--- START ---
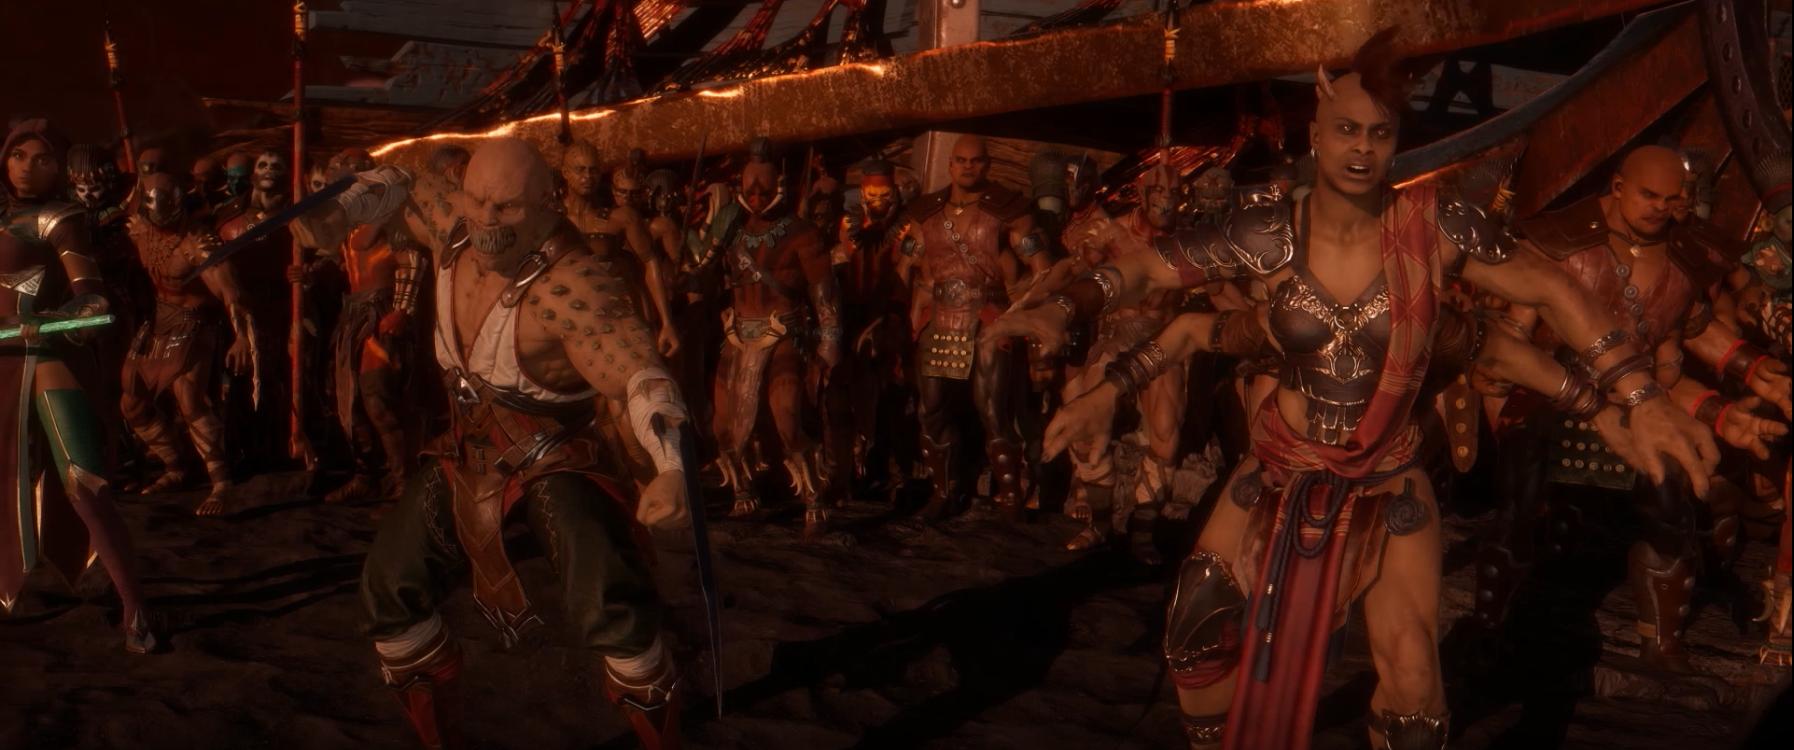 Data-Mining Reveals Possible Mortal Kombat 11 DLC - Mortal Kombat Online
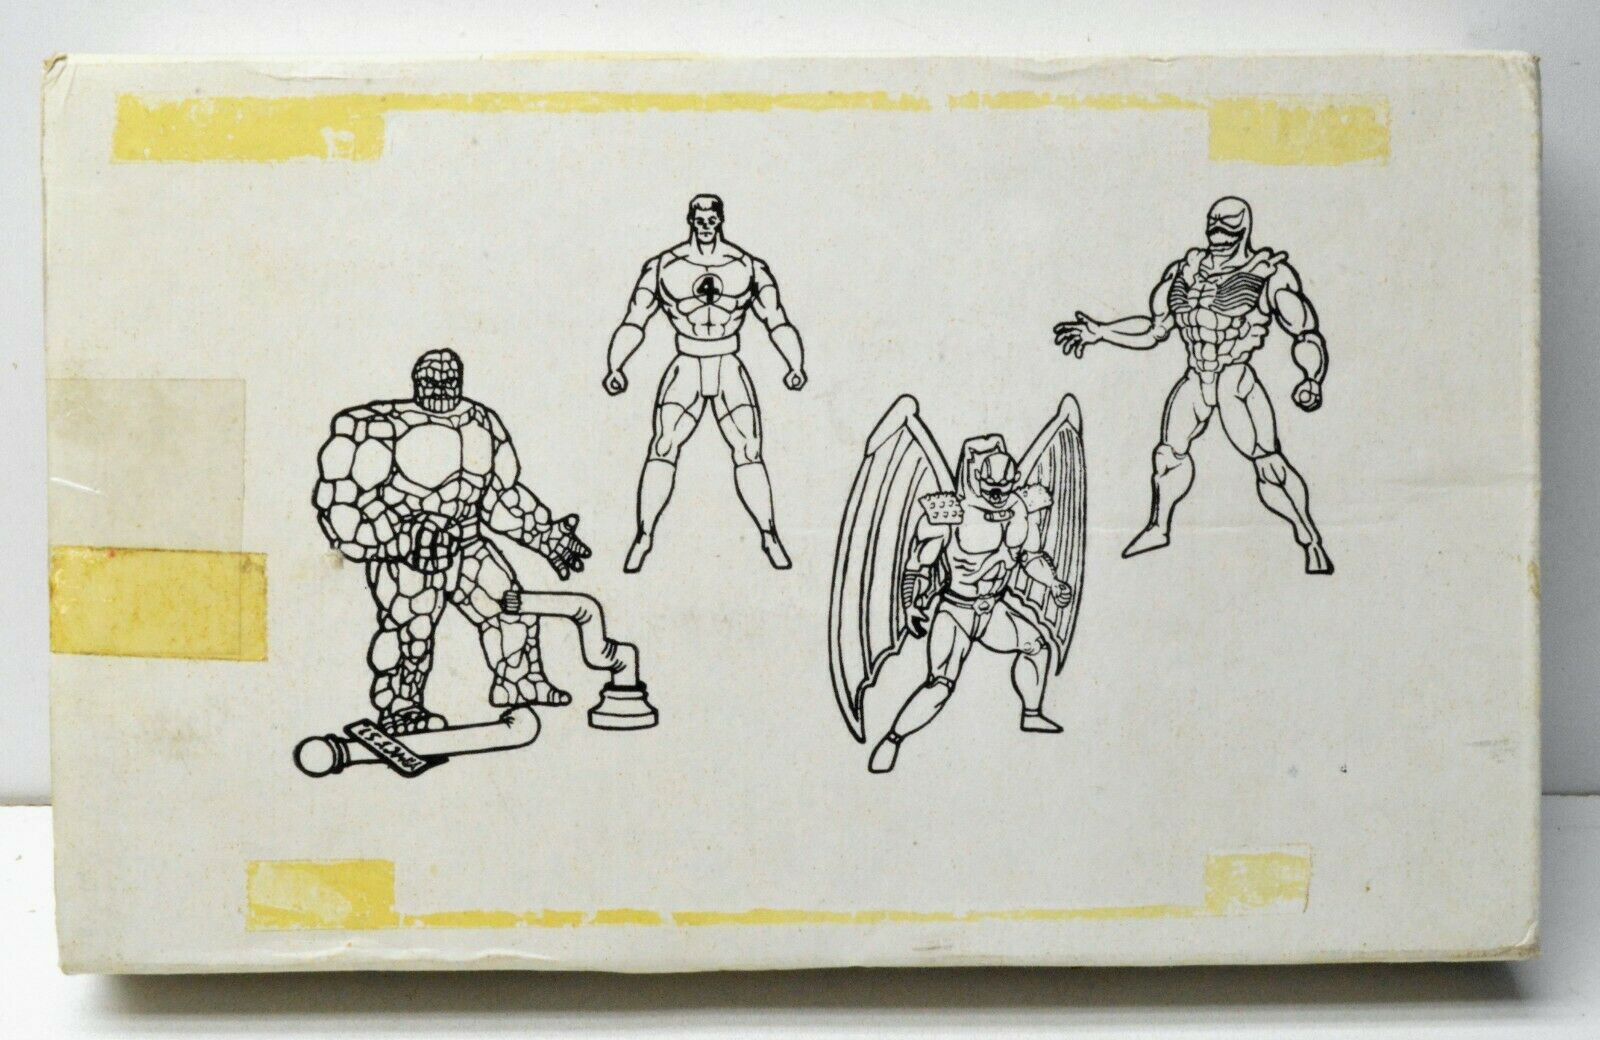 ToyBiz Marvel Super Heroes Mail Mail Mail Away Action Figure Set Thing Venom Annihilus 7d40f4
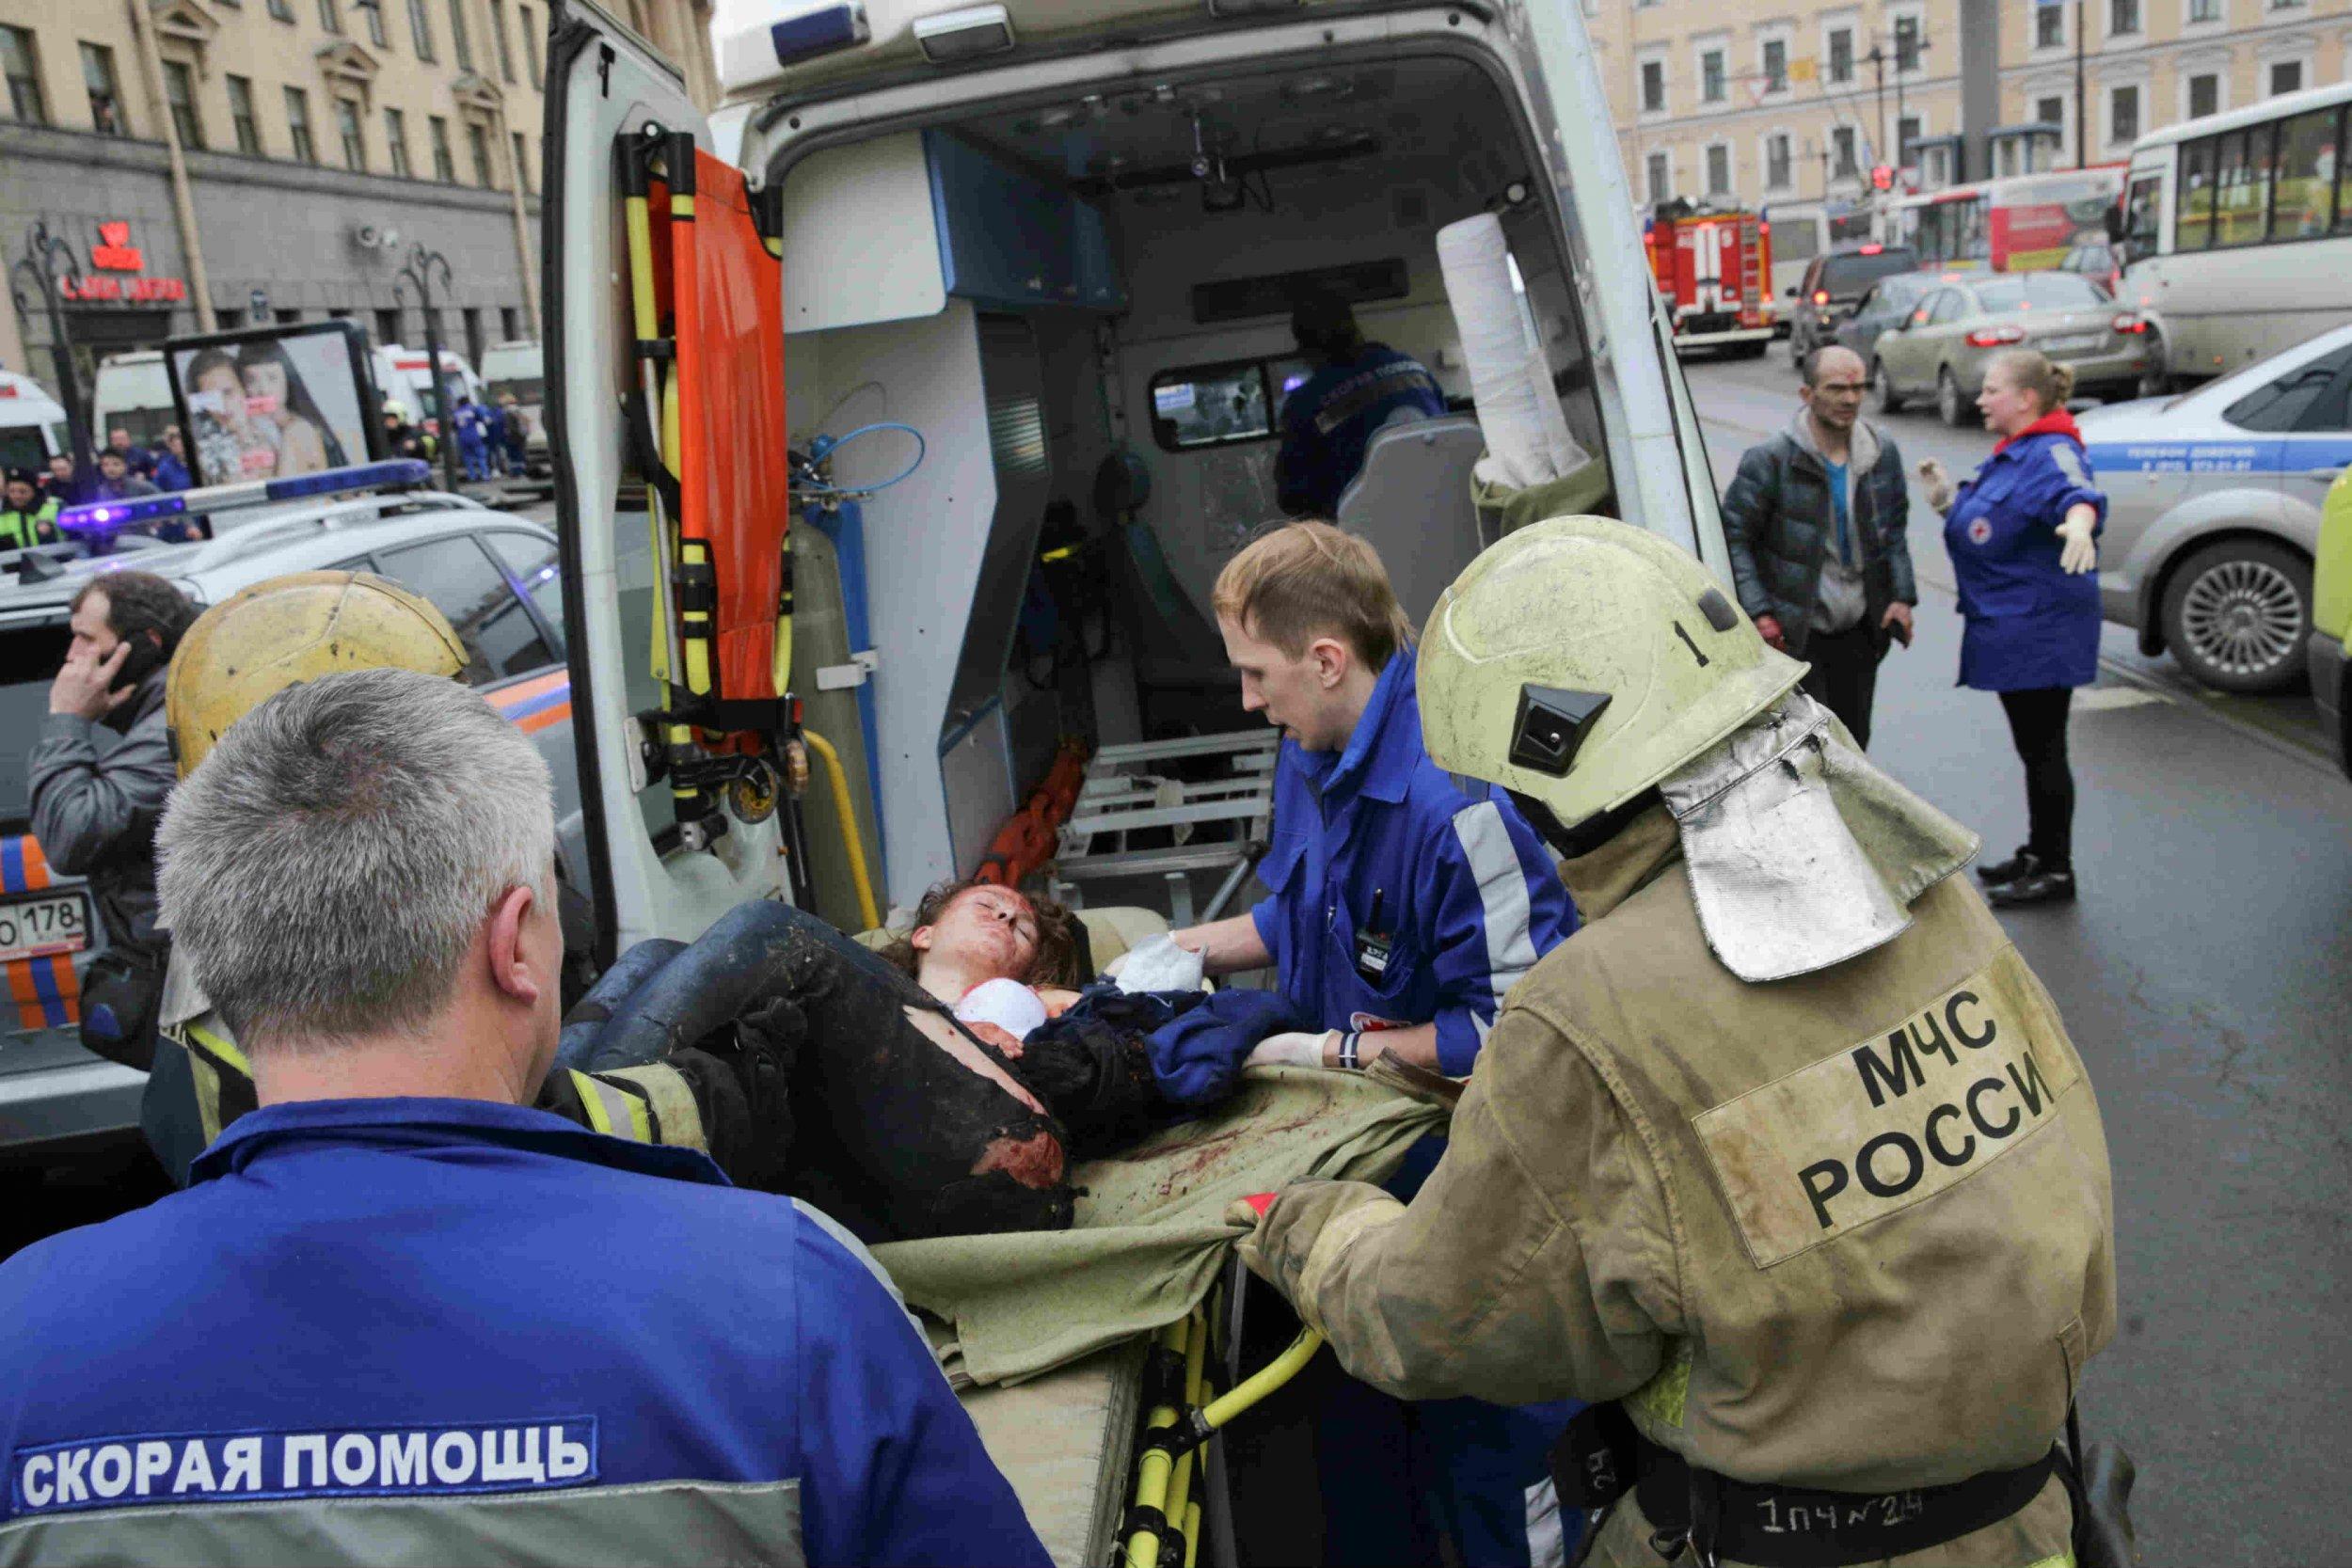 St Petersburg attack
--- END ---
• Problem to solve:
Exact output of each line above is wanted, without the pictures.

• Result of the exercise:
 Data-Mining Reveals Possible Mortal Kombat 11 DLC - Mortal Kombat Online
 ToyBiz Marvel Super Heroes Mail Mail Mail Away Action Figure Set Thing Venom Annihilus 7d40f4
 St Petersburg attack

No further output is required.